ITMO University, 197101 Saint Petersburg, Russia.
Bekhterev National Medical Research Center, 192019 Saint Petersburg, Russia.
HGG Adv. 2023 May 5;4(3):100203. doi: 10.1016/j.xhgg.2023.100203. eCollection 2023 Jul 13.

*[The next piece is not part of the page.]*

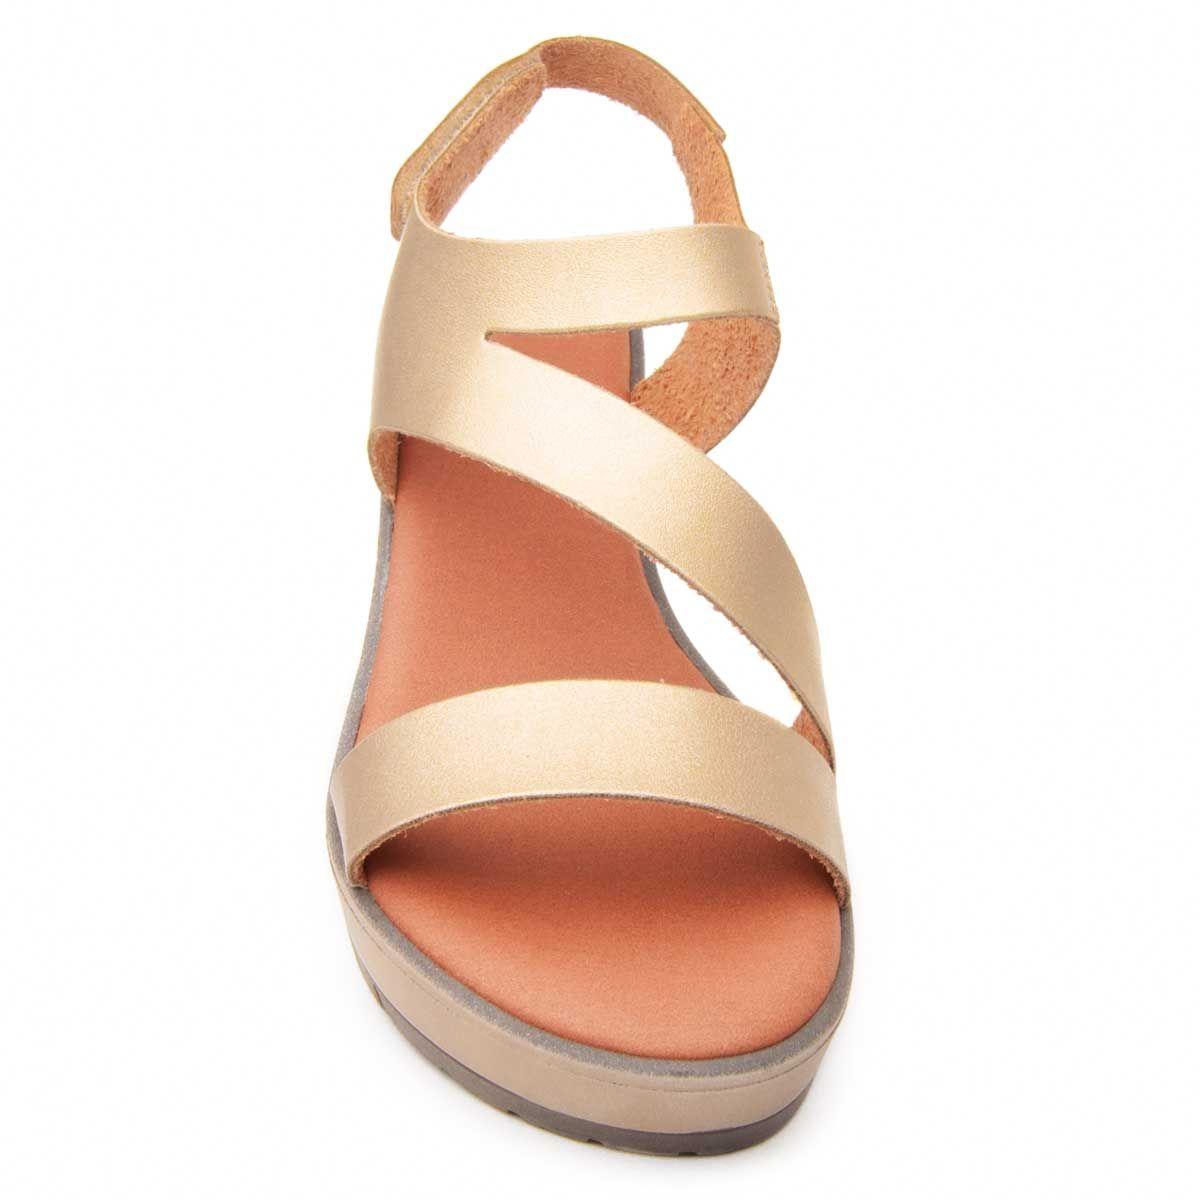 Purapiel Wedge Sandal in Gold

We introduce a user-friendly tool for risk gene, cell type, and drug prioritization for complex traits: GCDPipe. It uses gene-level GWAS-derived data and gene expression data to train a model for the identification of disease risk genes and relevant cell types. Gene prioritization information is then coupled with known drug target data to search for applicable drug agents based on their estimated functional effects on the identified risk genes. We illustrate the utility of our approach in different settings: identification of the cell types, implicated in disease pathogenesis, was tested in inflammatory bowel disease (IBD) and Alzheimer disease (AD); gene target and drug prioritization was tested in IBD and schizophrenia. The analysis of phenotypes with known disease-affected cell types and/or existing drug candidates shows that GCDPipe is an effective tool to unify genetic risk factors with cellular context and known drug targets. Next, analysis of the AD data with GCDPipe suggested that gene targets of diuretics, as an Anatomical Therapeutic Chemical drug subgroup, are significantly enriched among the genes prioritized by GCDPipe, indicating their possible effect on the course of the disease.
我们引入了一个用户友好的工具,用于复杂性状的风险基因、细胞类型和药物优先级排序:GCDPipe。它使用基于基因水平 GWAS 的数据和基因表达数据来训练模型,以识别疾病风险基因和相关细胞类型。然后,将基因优先级排序信息与已知的药物靶标数据相结合,根据对鉴定出的风险基因的估计功能影响,搜索适用的药物制剂。我们在不同的环境中说明了我们方法的实用性:在炎症性肠病 (IBD) 和阿尔茨海默病 (AD) 中测试了疾病发病机制中涉及的细胞类型的鉴定;在 IBD 和精神分裂症中测试了基因靶标和药物优先级排序。对具有已知疾病相关细胞类型和/或现有药物候选物的表型的分析表明,GCDPipe 是将遗传风险因素与细胞环境和已知药物靶标统一起来的有效工具。接下来,使用 GCDPipe 对 AD 数据的分析表明,利尿剂的药物靶标(作为一个解剖治疗化学药物亚组)在 GCDPipe 优先排序的基因中显著富集,表明它们可能对疾病的进程有影响。